Governance

China’s urban governance model in transformation

Huang and Zhou (2019) argue that due to the shift in urban local government's policy imperatives from economic growth to social policy and social governance, the performance assessment of local officials has refocused itself on impression-based results. This translates itself into the emergence of a new competition mechanism - paired competition - between pairs of local governments and state agencies.

Reviewing Huang and Zhou’s (2019) study on the transformation of China’s urban local governance model

“Paired Competition”: A New Mechanism for the Innovation of Urban Local Governance

by Huang Xiaochun 黄晓春 and Zhou Li´an 周黎安

Authors

Huang Xiaochun 黄晓春 is the vice-president of the School of Sociology and Political Science at the Shanghai University 上海大学社会学院. His research focuses on the transformation of China’s local governance. (University of Shanghai)

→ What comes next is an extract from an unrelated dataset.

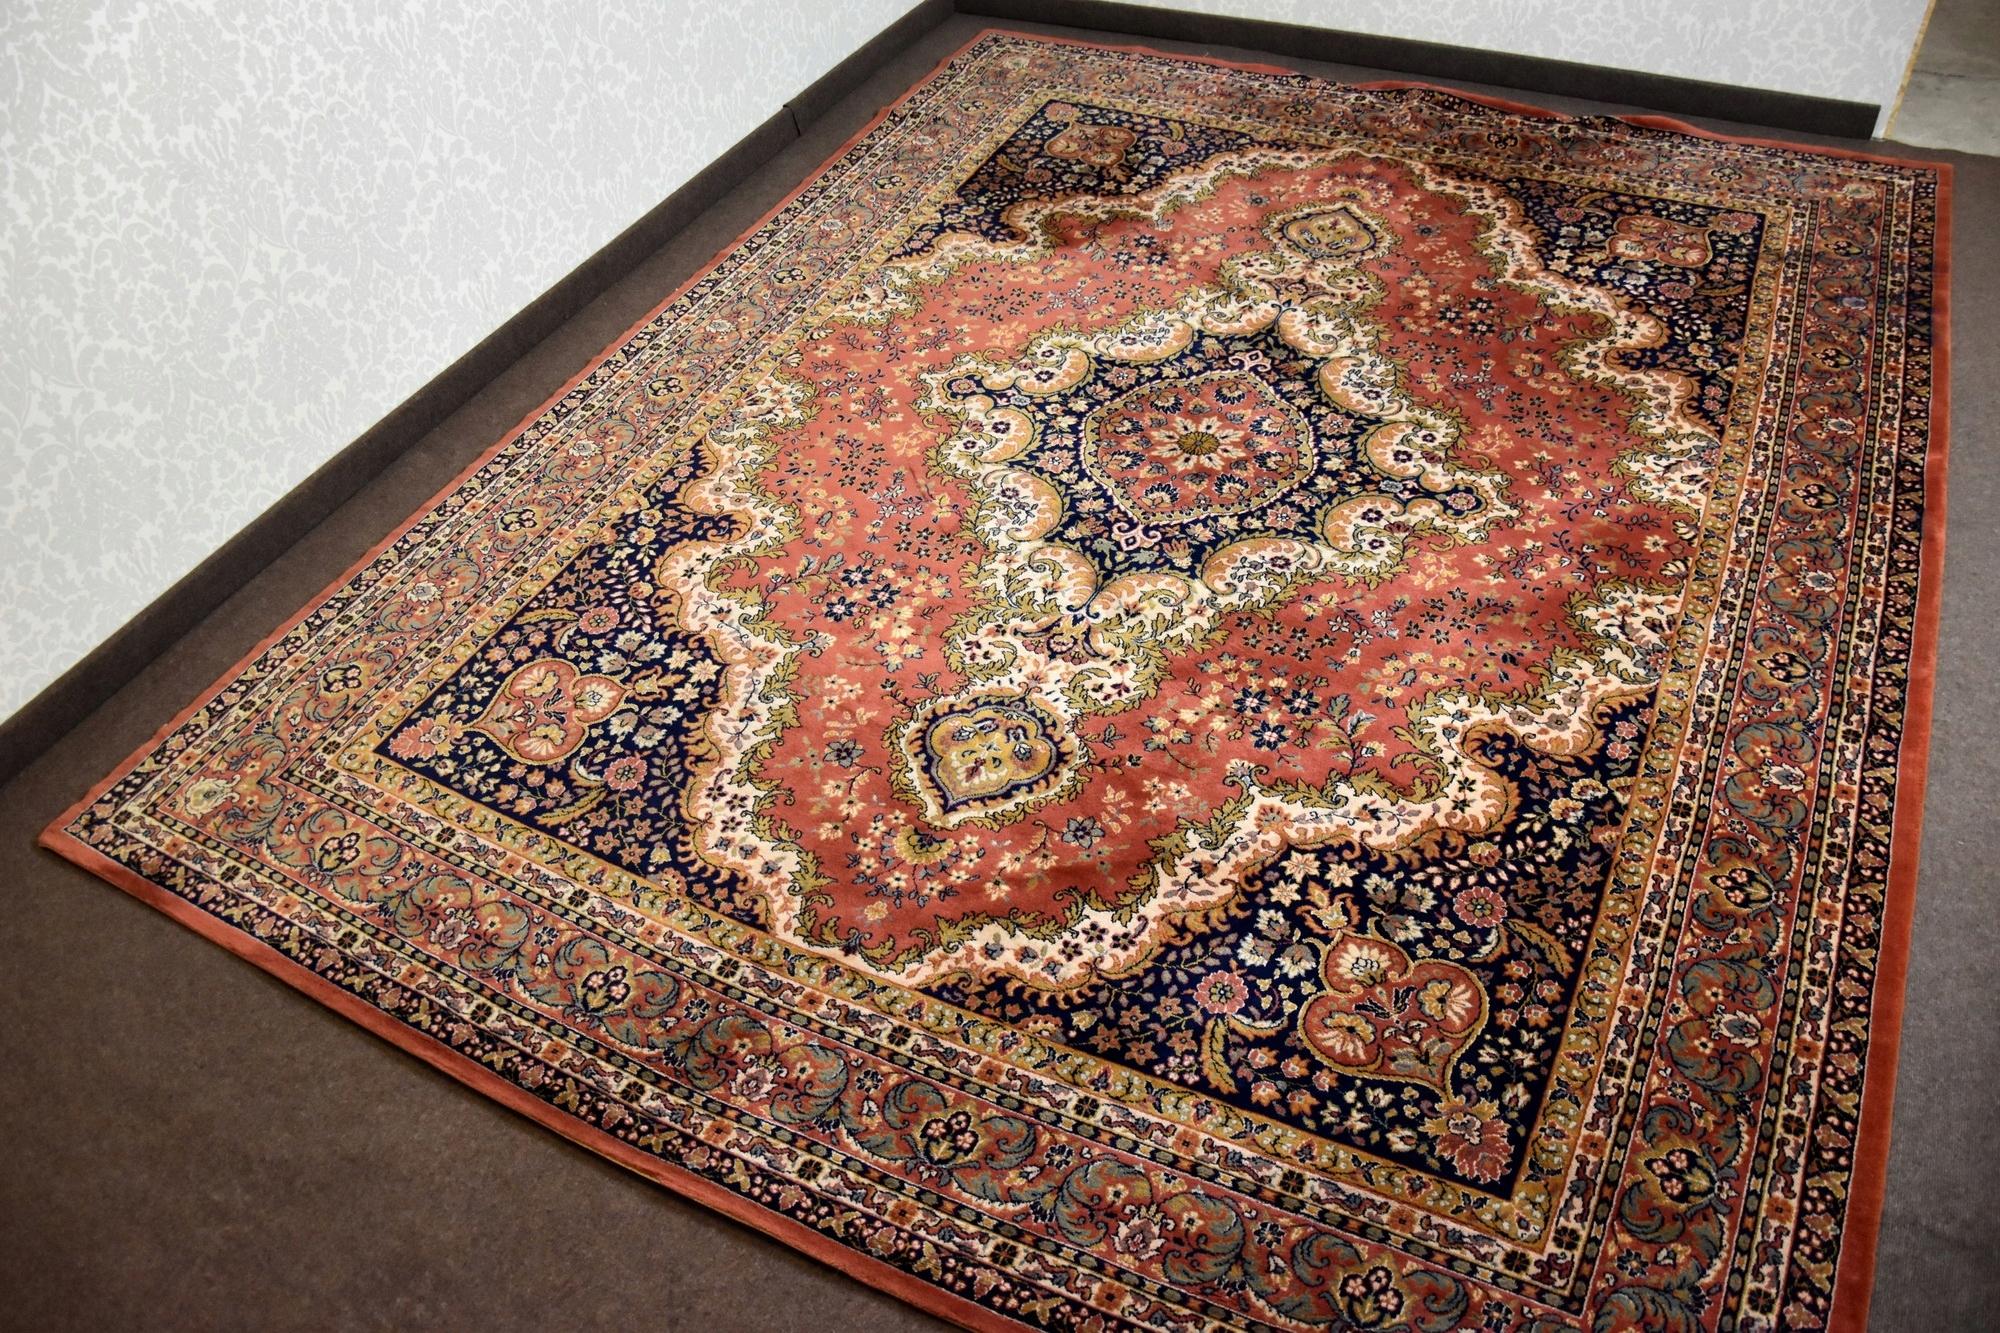 Orientalny Dywan 390x300 Wełna Czesankowa Wełniany

Zhou Li’an 周黎安 is the vice-president of the Guanghua School of Management at the Peking University 北京大学光华管理学院. His areas of research include China’s political economy, industrial organization, as well as economic transformation and development. According to China’s leading academic database, cnki.com 中国知网, he is the most cited scholar in the category ‘Humanities & Social-sciences’ for the period 2006-2018 (Guanghua School of Management).  (Peking University)

Summary

The focus of China’s urban local government has recently undergone a fundamental shift from economic growth to the provision of public goods and services. As policy goals associated to with the latter are less-quantifiable, the performance assessment of local officials has to rely on impression-based results – i.e the impression superior authority gain from their subordinate’s work through qualitative reports. In this context, governance innovation projects represent an important medium for lower-level official to ‘impress’ their superior. So as to ensure the success of their innovation project, leaders of both local governments and state agencies are incentivized to form partnerships. Huang and Zhou (2019) call the ensuing contest between different pairs of local government and state agency paired competition.

In-depth analysis

In recent years, China’s local governance model in first-tier cities, such as Beijing and Shanghai, has been undergoing a profound institutional transformation. One the one hand, local governments (Kuai-institutions) have shifted their focus away from generating economic growth to a multi-objective approach with a particular emphasis on the provision of public goods and services as well as the reinforcement of ‘social governance 社会治理’ [1]. This transformation has been driven by the retraction from urban subdistricts 街道 of the authority to attract investment 招商引资权 and the refocusing of their governmental function on social governance – i.e away from economic management. On the other hand, the authority and organizational resources of lower-level state agencies (Tiao-institutions) have been expanded to ensure that local governments fulfill their obligations. (Huang and Zhou, 2019, p.2-3)


Tiao-Kuai relations

The concept of Tiao-Kuai relations 条块关系 [2] refers to the relationship between the two parallel sets of administrative structures, which co-exist under China’s political center. On the one hand, the state agencies of the central government (中央职能部门) as well as their local branches form the vertical Tiao structure. On the other hand, the Kuai structure is built around the local governments of the different administrative divisions (provincial, prefectural, etc.).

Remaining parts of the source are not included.